The shelters on campus full of cigarette stubs are a strange sight, given the prominent blue sign above with a tick and a text saying smoke-free generation. The shelters were originally built as smoking corners and even after the ban on smoking they are still used as such. But that is set to change, says Martijn van den Heuvel, head of Integrated Facility Management. The shelters will be taken down.
That is part of a new campaign to make the campus genuinely no smoking. The campus officially became a no-smoking zone in July 2020. At first, pretty much everyone kept to this rule. But over time, students and staff have increasingly started smoking openly on campus. The old smoking shelters, which had been rebranded as outdoor working sites, have regained their original function as a result.
Confront smokers
But it is difficult to enforce the ban on smoking, says Van den Heuvel. ‘We want to do it, but we don’t have the tools.
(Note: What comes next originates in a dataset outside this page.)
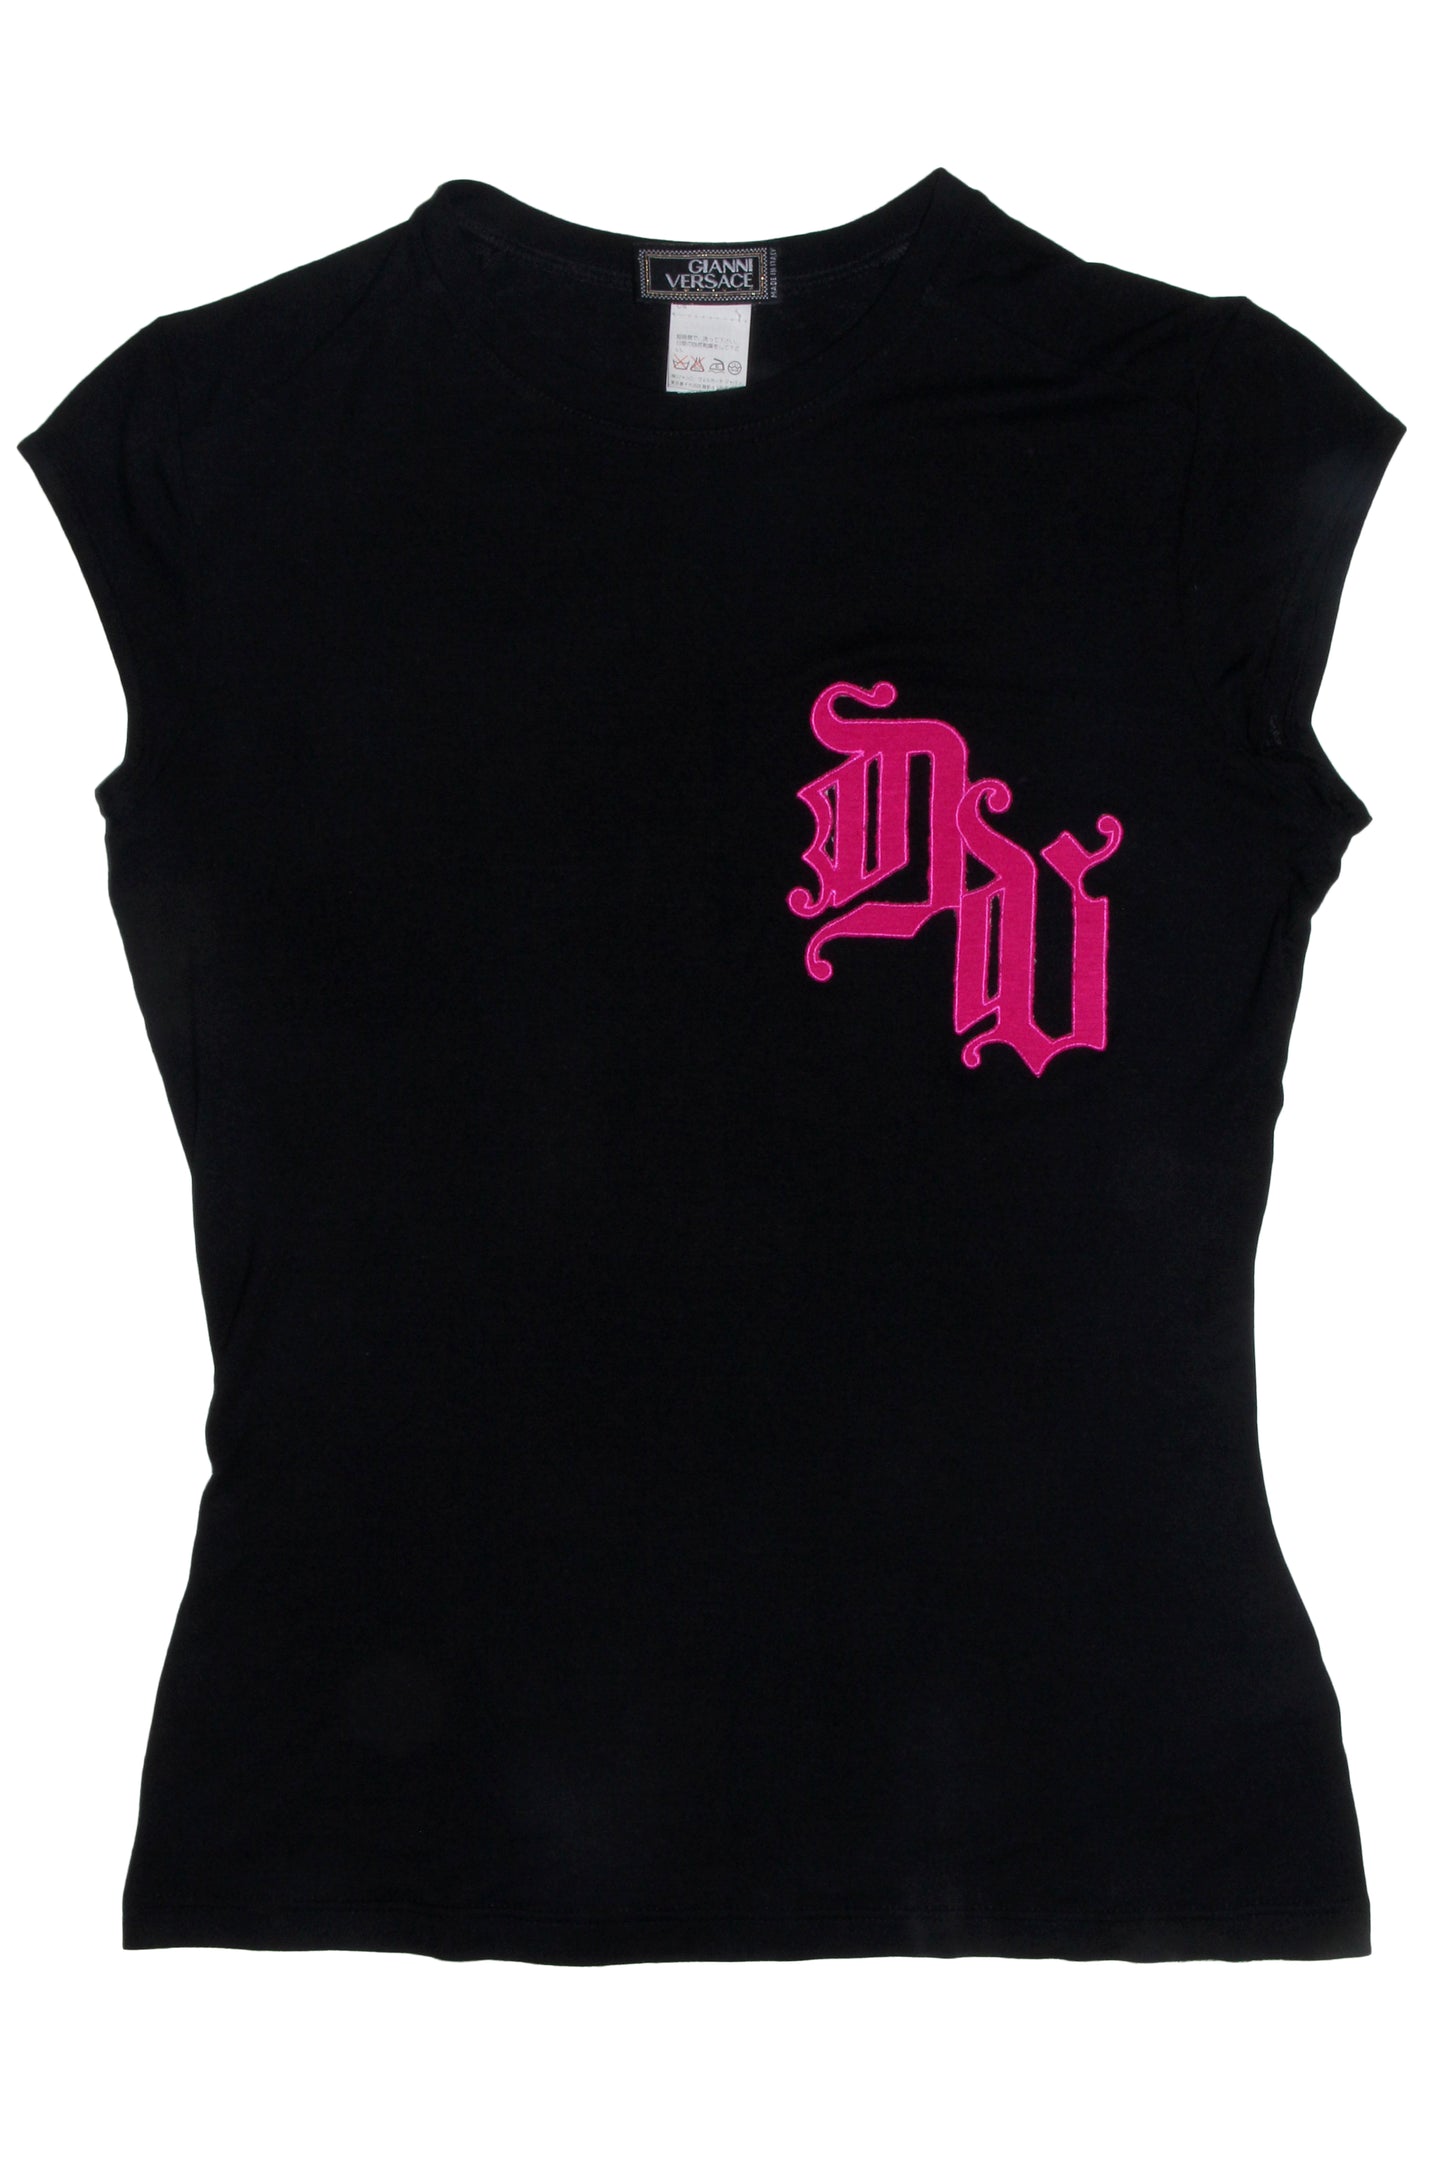 GIANNI VERSACE COUTURE GOTHIC LOGO TOP

We aren’t allowed to impose fines. We can’t even ask smokers for their ID. And yet, as an organization, we can get fined if we don’t enforce the ban.’ That disparity in the rules means all they can really do is confront people who are smoking.
That is exactly what they will be doing in the coming weeks. Teams of students, clearly visible in their yellow jackets, will be going round campus confronting smokers about their behaviour. Smokers will get a symbolic yellow card, intended as a light-hearted gesture. Van den Heuvel: ‘We explain that the campus is no smoking and that this is a nationwide measure. Two yellow cards don’t make a red card though. There are no sanctions. We assume people will be cooperative.’
Tick
Van den Heuvel says the will to cooperate is there. That is evident from conversations with smokers carried out by interns at Facilities & Services in the preparation for the campaign. ‘Smokers were well-meaning but they often didn’t realize the ban is a nationwide measure, not a WUR rule. Or they see the blue sign but interpret the tick as meaning smoking is allowed. At any rate, that’s their excuse.’
In the past few years, the company Peukenzee has been hired four times to clear up the cigarette ends. They found about 5,000 cigarette stubs each time. ‘The picture is reasonably stable,’ says Van den Heuvel. ‘It’s not getting out of hand. But a green university shouldn’t have cigarette butts lying around everywhere, because it’s bad for the environment as well.’